- Genre: Soap opera; Period drama;
- Based on: Tea Rooms. Mujeres obreras by Luisa Carnés
- Starring: Helena Ezquerro; Almagro San Miguel; Stéphanie Magnin; Sara Rivero; Teresa Hurtado de Ory; Miryam Gallego; Berta Castañé; Rodrigo Simón; Cosette Silguero; Bàrbara Mestanza; Llorenç González; Carles Sanjaime; Lorea Carballo; Xabier Murua; Carlos Librado "Nene"; Andrea Fiorillo; María José Parra; Pablo Álvarez; Germán Alcarazu; José Luis García-Pérez;
- Original language: Spanish
- No. of seasons: 3
- No. of episodes: 356

Production
- Production companies: RTVE; Mediawan; Boomerang TV;

Original release
- Network: La 1
- Release: 27 September 2023 – 7 March 2025

= La Moderna =

Spanish television soap opera

Salón de té La Moderna or simply La Moderna is a Spanish period television soap opera.
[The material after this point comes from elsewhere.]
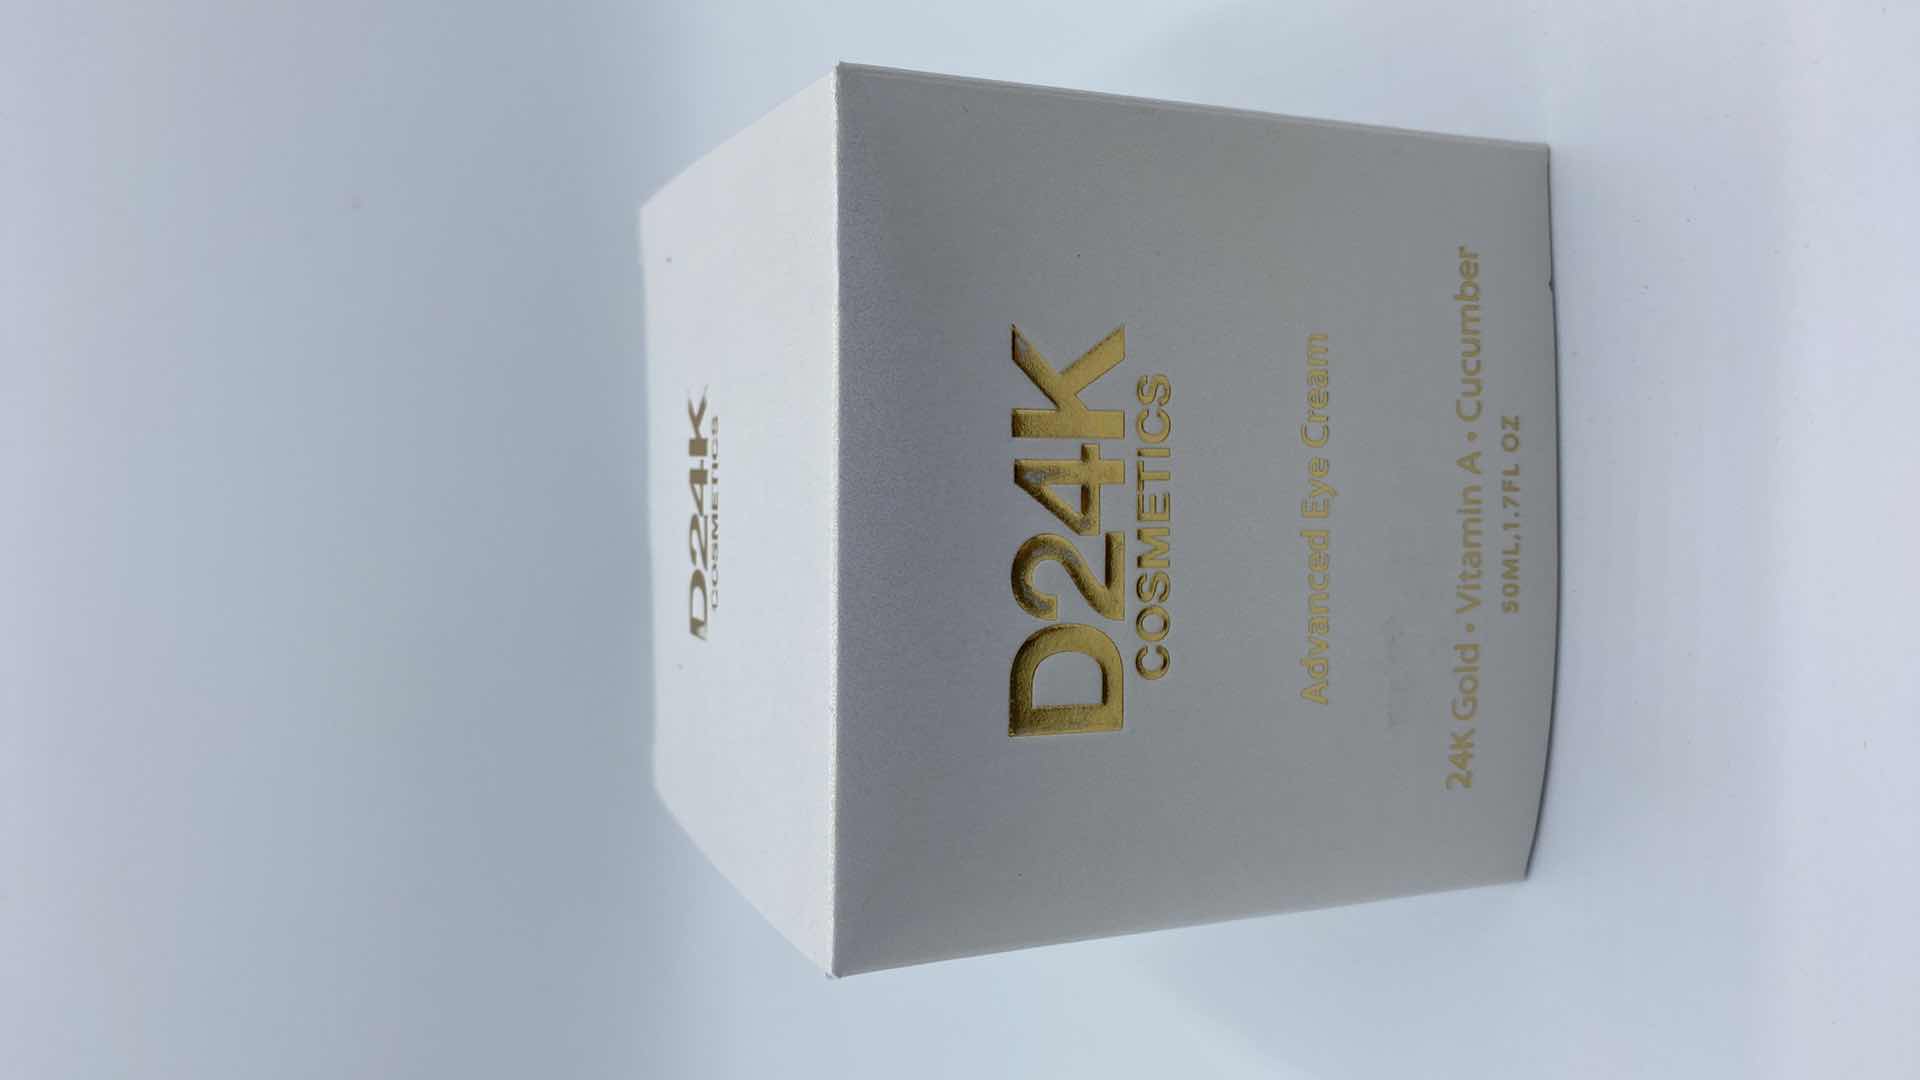 Photo 3 of NEW D24K ADVANCED EYE CREAM - SLOWS DEPLETION OF COLLAGEN AND STIMULATES CELL GROWTH FOR PLUMP LIFTED HYDRATED SKIN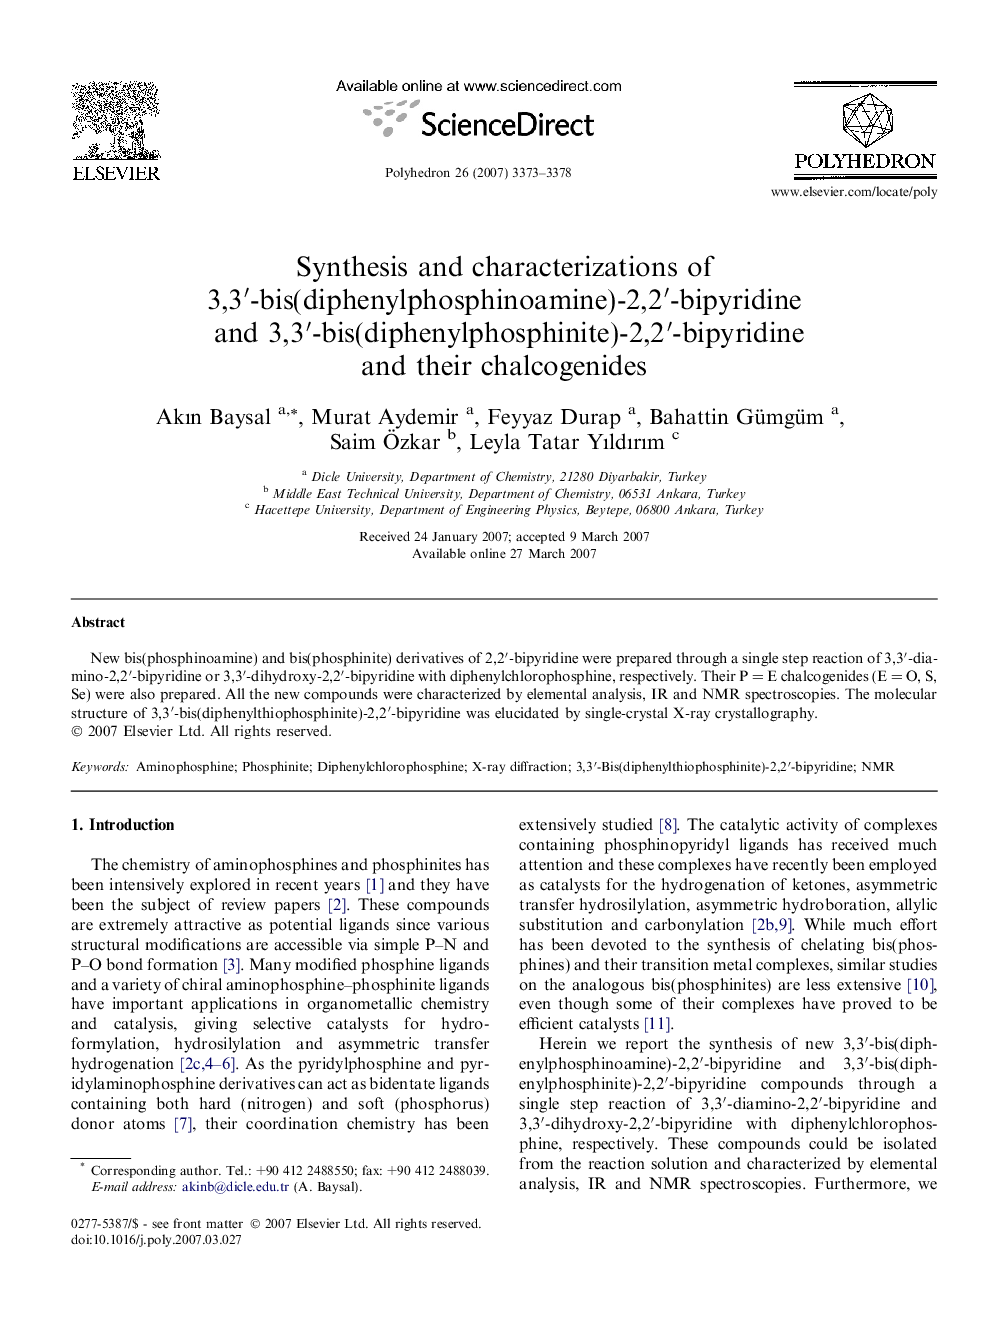 Synthesis and characterizations of 3,3′-bis(diphenylphosphinoamine)-2,2′-bipyridine and 3,3′-bis(diphenylphosphinite)-2,2′-bipyridine and their chalcogenides

It premiered in Spain on 27 September 2023 on La 1 of Televisión Española, and it concluded on 7 March 2025, after three seasons and 356 episodes. It stars Helena Ezquerro, Almagro San Miguel, and Stéphanie Magnin, among others. It is inspired by the book Tea Rooms. Mujeres obreras by Luisa Carnés.

== Premise ==
Set in 1930 in Madrid, the series follows young Matilde, who enters to work at the tearoom "La Moderna" in Puerta del Sol. Matilde comes across old flame Íñigo, ambitioned by former girlfriend Doña Carla, the wife of Don Jaime, the businessman Íñigo works for.

== Production ==
The series takes inspiration from Tea Rooms. Mujeres obreras by Generation of '27 author Luisa Carnés. It was produced by RTVE and Mediawan in collaboration with Boomerang TV. Helmed by Carlos Martín Eguía and Joaquín Santamaría, the writing team also featured Miquel Peidró, José Antonio López (Kata), Remedios Crespo, Ignasi Rubio, Juan Manuel Beiro, Ángela Armero, Neus Peidró, Sergio Barrejón, José Ángel Domínguez, and Laura Molpeceres.

==Episodes==

| Season | Episodes |  | Originally released |  | Avg. viewers (millions) | Avg. share |
| First released | Last released |
| 1 | 120 |  | 27 September 2023 | 14 March 2024 | 0.750 | 8.2% |
| 2 | 116 |  | 15 March 2024 | 20 September 2024 | 0.713 | 8.3% |
| 3 | 120 |  | 23 September 2024 | 7 March 2025 | 0.799 | 9,4% |

== Release ==
RTVE premiered the first two episodes in prime time on La 1, La 2, Clan, and RTVE Play on 27 September 2023, with regular sobremesa broadcast on La 1 beginning the following day.